Homework Six uses the Daily Show Data Set used in Homework Five, to glean more insight in to the data set through the lens of bivariate relationships.
Once again we will import the data. Before any analysis can take place the data and the libraries must first be imported into Rstudio.
library(tidyverse)
## ── Attaching packages ─────────────────────────────────────── tidyverse 1.3.1 ──
## ✓ ggplot2 3.3.5 ✓ purrr 0.3.4
## ✓ tibble 3.1.6 ✓ dplyr 1.0.7
## ✓ tidyr 1.1.4 ✓ stringr 1.4.0
## ✓ readr 2.0.2 ✓ forcats 0.5.1
## ── Conflicts ────────────────────────────────────────── tidyverse_conflicts() ──
## x dplyr::filter() masks stats::filter()
## x dplyr::lag() masks stats::lag()
library(datasets)
library(stringr)
library(distill)
library(devtools)
## Loading required package: usethis
library(here)
## here() starts at /Users/chester/Desktop
library(stringr)
library(skimr)
library(grDevices)
library(wordcloud)
## Loading required package: RColorBrewer
library(RColorBrewer)
library(fivethirtyeight)
## Some larger datasets need to be installed separately, like senators and
## house_district_forecast. To install these, we recommend you install the
## fivethirtyeightdata package by running:
## install.packages('fivethirtyeightdata', repos =
## 'https://fivethirtyeightdata.github.io/drat/', type = 'source')
library(data.table)
##
## Attaching package: 'data.table'
## The following objects are masked from 'package:dplyr':
##
## between, first, last
## The following object is masked from 'package:purrr':
##
## transpose
library(DT)
data("daily_show_guests")
Now that the Daily_Show_Guests data set is imported we can now tidy it up, clean it, and see what it’s all about. Note this data set was tidyed, cleaned, recoded, and summary descriptives were conducted in Homework 5. The data tidying was,however, refined in some instances for better readability and comprehension for Homework Six
head(daily_show_guests,5) # to see the first five rows of data set
## # A tibble: 5 × 5
## year google_knowledge_occupation show group raw_guest_list
## <int> <chr> <date> <chr> <chr>
## 1 1999 actor 1999-01-11 Acting Michael J. Fox
## 2 1999 comedian 1999-01-12 Comedy Sandra Bernhard
## 3 1999 television actress 1999-01-13 Acting Tracey Ullman
## 4 1999 film actress 1999-01-14 Acting Gillian Anderson
## 5 1999 actor 1999-01-18 Acting David Alan Grier
tail(daily_show_guests,5) # shows the last five rows of data set
## # A tibble: 5 × 5
## year google_knowledge_occupation show group raw_guest_list
## <int> <chr> <date> <chr> <chr>
## 1 2015 biographer 2015-07-29 Media Doris Kearns Goodwin
## 2 2015 director 2015-07-30 Media J. J. Abrams
## 3 2015 stand-up comedian 2015-08-03 Comedy Amy Schumer
## 4 2015 actor 2015-08-04 Acting Denis Leary
## 5 2015 comedian 2015-08-05 Comedy Louis C.K.

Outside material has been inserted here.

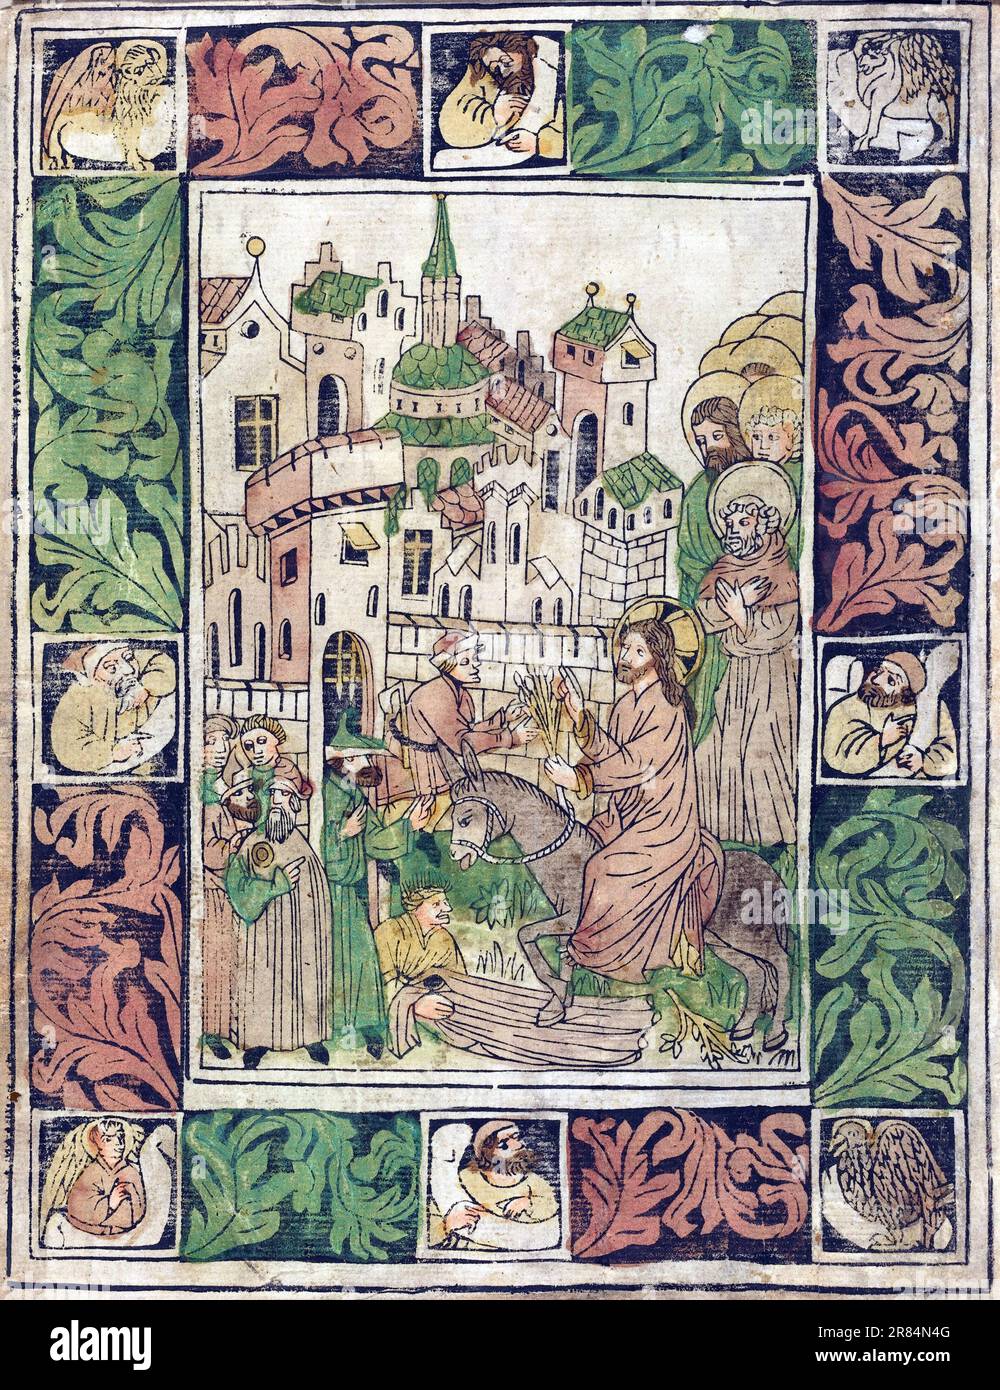 Deutsche aus dem 15. Jahrhundert, Holzschnitt, handgefärbt in Rosa, Gelb, Braun, Grün und grau Christi Eintritt in Jerusalem, c. 1450 Stockfoto

dim(daily_show_guests) # shows the dimensions of data set
## [1] 2693 5
colnames(daily_show_guests) # column names
## [1] "year" "google_knowledge_occupation"
## [3] "show" "group"
## [5] "raw_guest_list"
Here the skimr() function is used and the summary functions. My preference is for the skimr function because it shows missing data, dates and logicals. It provides more comprehensive insight than the summary function by comparison.
skim(daily_show_guests)
| Name | daily_show_guests |
| Number of rows | 2693 |
| Number of columns | 5 |
| _______________________ | |
| Column type frequency: | |
| character | 3 |
| Date | 1 |
| numeric | 1 |
| ________________________ | |
| Group variables | None |
Variable type: character
| skim_variable | n_missing | complete_rate | min | max | empty | n_unique | whitespace |
|---|---|---|---|---|---|---|---|
| google_knowledge_occupation | 26 | 0.99 | 1 | 66 | 0 | 335 | 0 |
| group | 31 | 0.99 | 4 | 14 | 0 | 17 | 0 |
| raw_guest_list | 0 | 1.00 | 3 | 72 | 0 | 1669 | 0 |
Variable type: Date
| skim_variable | n_missing | complete_rate | min | max | median | n_unique |
|---|---|---|---|---|---|---|
| show | 0 | 1 | 1999-01-11 | 2015-08-05 | 2007-03-22 | 2639 |
Variable type: numeric
| skim_variable | n_missing | complete_rate | mean | sd | p0 | p25 | p50 | p75 | p100 | hist |
|---|---|---|---|---|---|---|---|---|---|---|
| year | 0 | 1 | 2006.82 | 4.83 | 1999 | 2003 | 2007 | 2011 | 2015 | ▇▆▆▆▇ |
#summary(daily_show_guests)
Now to make the data set a bit more understandable the rename() function is used to rename google_knowledge_occupation to guest_occupation, show to show_date, raw_guest_list to guest_list, year to *year_episode _aired* and group to occupational_domain.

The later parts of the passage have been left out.